CC BY-SA 2.0 image by kris krüg

Great security architecture requires a defense system with multiple layers of protection. As CloudFlare’s services have grown, the need to secure application-to-application communication has grown with it. As a result, we needed a simple and maintainable way to ensure that all communication between CloudFlare’s internal services stay protected, so we built one based on known and reliable protocols.

Our system of trust is based on a Public Key Infrastructure (PKI) using internally-hosted Certificate Authorities (CAs). In this post we will describe how we built our PKI, how we use it internally, and how to run your own with our open source software. This is a long post with lots of information, grab a coffee!

Protection at the application layer

Most reasonably complex modern web services are not made up of one monolithic application. In order to handle complex operations, an application is often split up into multiple “services” that handle different portions of the business logic or data storage. Each of these services may live on different machines or even in different datacenters.

The software stacks of large service providers are made up of many components. For CloudFlare, this includes a web application to handle user actions, a main database to maintain DNS records and user rules, a data pipeline to distribute these rules to the edge network, services for caching, a log transport pipeline, data analysis services and much, much more.

Some service-to-service communication can happen within a machine, some within a datacenter and some across a broader network like the Internet. Managing which communications should use which type of network in our evolving services is not a simple task. A single accidental configuration change could result in messages that are supposed to never leave a machine going through an untrusted connection on the Internet. The system should be designed so that these messages are secure even if they go over the wrong network.

Enter TLS

One approach to mitigate the risks posed by attackers is to encrypt and authenticate data in transit. Our approach is to require that all new services use an encrypted protocol, Transport Layer Security (TLS), to keep inter-service communication protected. It was a natural choice: TLS is the “S” in HTTPS and is the foundation of the encrypted web. Furthermore, modern web services and APIs have embraced TLS as the de-facto standard for application layer encryption. It works seamlessly with RESTful services, is supported in Kyoto Tycoon, PostgreSQL, and the Go standard library.

As we have described in previous blog posts, unauthenticated encryption can be foiled by on-path attackers. Encryption without authentication does not protect data in transit. For connections to be safe, each party needs to prove their identity to the other. Public key cryptography provides many mechanisms for trust, including PGP’s “web of trust” and HTTPS’s public key infrastructure (PKI) model. We chose the PKI model because of ease of use and deployment. TLS with PKI provides trusted communication.

Be picky with your PKI

Trust is the bedrock of secure communication. For two parties to securely exchange information, they need to know that the other party is legitimate. PKI provides just that: a mechanism for trusting identities online.

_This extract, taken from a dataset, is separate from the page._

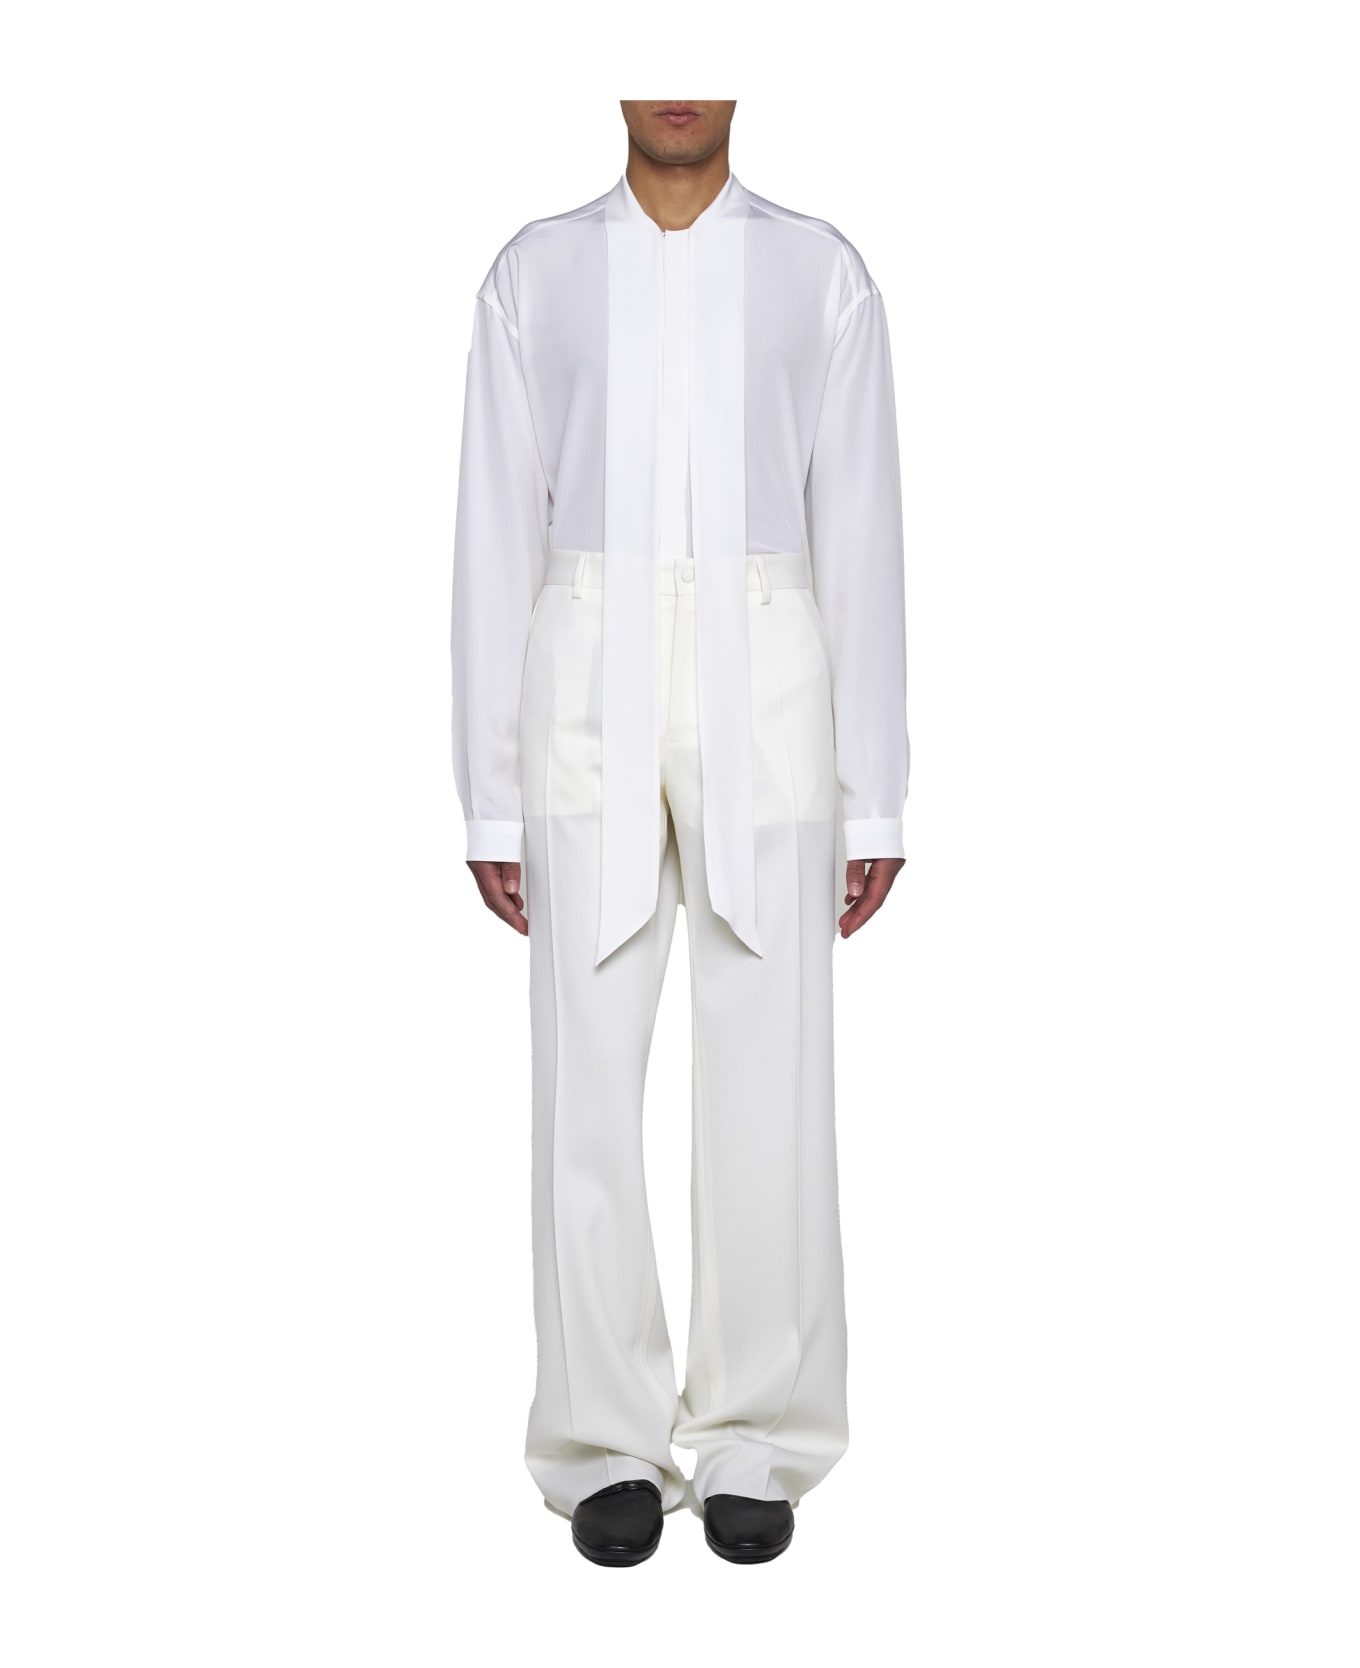 Dolce & Gabbana Scarf Detailed Shirt - Bianco otticco

The tools that enable this are digital certificates and public key cryptography. A certificate lets a website or service prove its identity. Practically speaking, a certificate is a file with some identity information about the owner, a public key, and a signature from a certificate authority (CA). Each certificate also contains a public key. Each public key has an associated private key, which is kept securely under the certificate owner’s control. The private key can be used to create digital signatures that can be verified by the associated public key.

A certificate typically contains

Information about the organization that the certificate is issued to
A public key
Information about the organization that issued the certificate
The rights granted by the issuer
The validity period for the certificate
Which hostnames the certificate is valid for
The allowed uses (client authentication, server authentication)
A digital signature by the issuer certificate’s private key

A certificate is a powerful tool for proving your identity online. The owner of a certificate can digitally sign data, and a verifier can use the public key from the certificate to verify it. The fact that the certificate is itself digitally signed by a third party CA means that if the verifier trusts the third party, they have assurances that the certificate is legitimate. The CA can give a certificate certain rights, such as a period of time in which the identity of the certificate should be trusted.

Sometimes certificates are signed by what’s called an intermediate CA, which is itself signed by a different CA. In this case, a certificate verifier can follow the chain until they find a certificate that they trust — the root.

This chain of trust model can be very useful for the CA. It allows the root certificate’s private key to be kept offline and only used for signing intermediate certificates. Intermediate CA certificates can be shorter lived and be used to sign endpoint certificates on demand. Shorter-lived online intermediates are easier to manage and revoke if compromised.

This is the same system used for HTTPS on the web. For example, cloudflare.com has a certificate signed by Comodo’s Intermediate certificate, which is in turn signed by the Comodo offline root. Browsers trust the Comodo root, and therefore also trust the intermediate and web site certificate.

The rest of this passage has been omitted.